We now have several clues as to why the stops are failing.

  1. People continue doing something the manufacturer says not to do.
  2. The slide stop is made from a single piece of sheet metal, stamped (“pressed” for Europeans) and folded to net shape.
  3. There is a small rounded notch, adjacent to the part of the stop that folds over to the inside, right where the part Kyle photographed began to fail (see where the failure crack is kind of gray at the top? That’s the oldest part of the failure. When it weakened the slide stop enough, the rest failed all at once — that’s the shiny part of the crack). The reason for the notch is to prevent a “stress riser” from causing the part to begin failing at this point, and it obviously is not working in 100% of use conditions.
  4. And that the problem just started showing up with greater frequency, suggests that some aspect of the manufacturing of the part may have been changed recently. Manufacturers are always making small changes in parts to improve something about them (often something that matters to the manufacture, like lower cost, or increase speed of manufacture, and doesn’t matter quite as directly to customers). Manufacturers also are known for making parts in-house and outsourcing other parts to subcontractors. These subs can change at any time.
  5. Putting thumb pressure on the slide stop stresses it several different ways. It can load it in torsion (twist), for which the engineers probably didn’t do the math on this part. It will definitely bend the part laterally (per the gun’s orientation). That stresses the outboard (left) side of the slide stop in tension, and the inboard (right) side in compression. Another way to think about it is when you bend a plate or bar, the side bent convex is loaded in tension, and the side bent concave is loaded in compression. Our best guess (and based on one picture of one part, it can be no more than a guess) is that this part began to fail from tension at the upper outboard corner of the slide stop.
  6. It’s a trivial physics or engineering problem to calculate the stresses on the part, but to know whether they exceeded the design strength of the part, we’d need to know the exact materials and heat-treating condition of the part.

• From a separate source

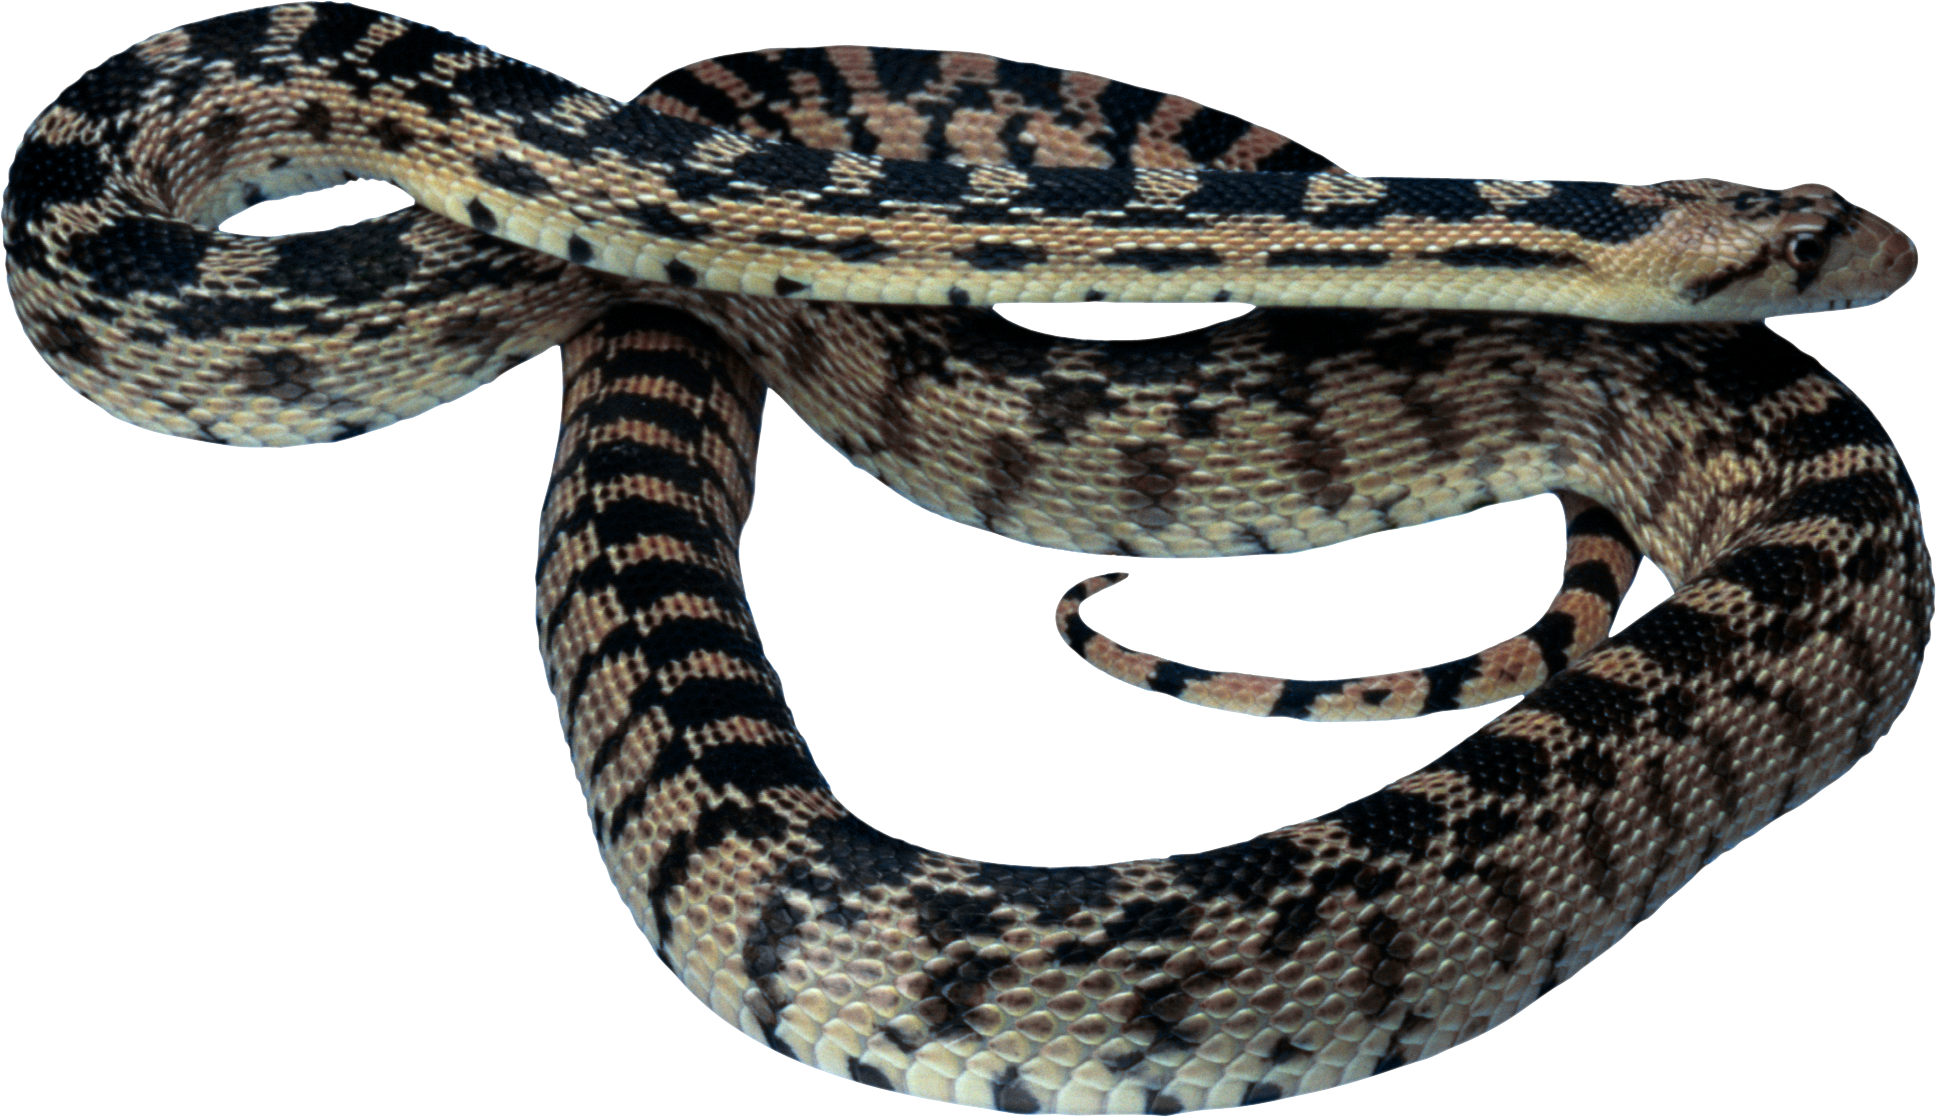 cobra clipart coiled snake

A question on the Instagram page about whether this is happening primarily in high round-count guns isn’t answered, but round count doesn’t necessarily load the slide stop. A lot of cop guns are seldom fired, but are loaded and cleared at least once every shift. If they’re thumbing the slide stop a lot, they can bust their slide stop without even firing a shot.

One last thing: the failure of this actuating button end of the slide stop makes it impossible (or very difficult, requiring tools) to lock the slide back without an empty mag in the pistol. However, without the end of the stop, it looks to us like the basic running of the gun would still be OK, until you needed the slide stop to handle a malfunction. So in combat terms, this failure of the slide stop is fail safe.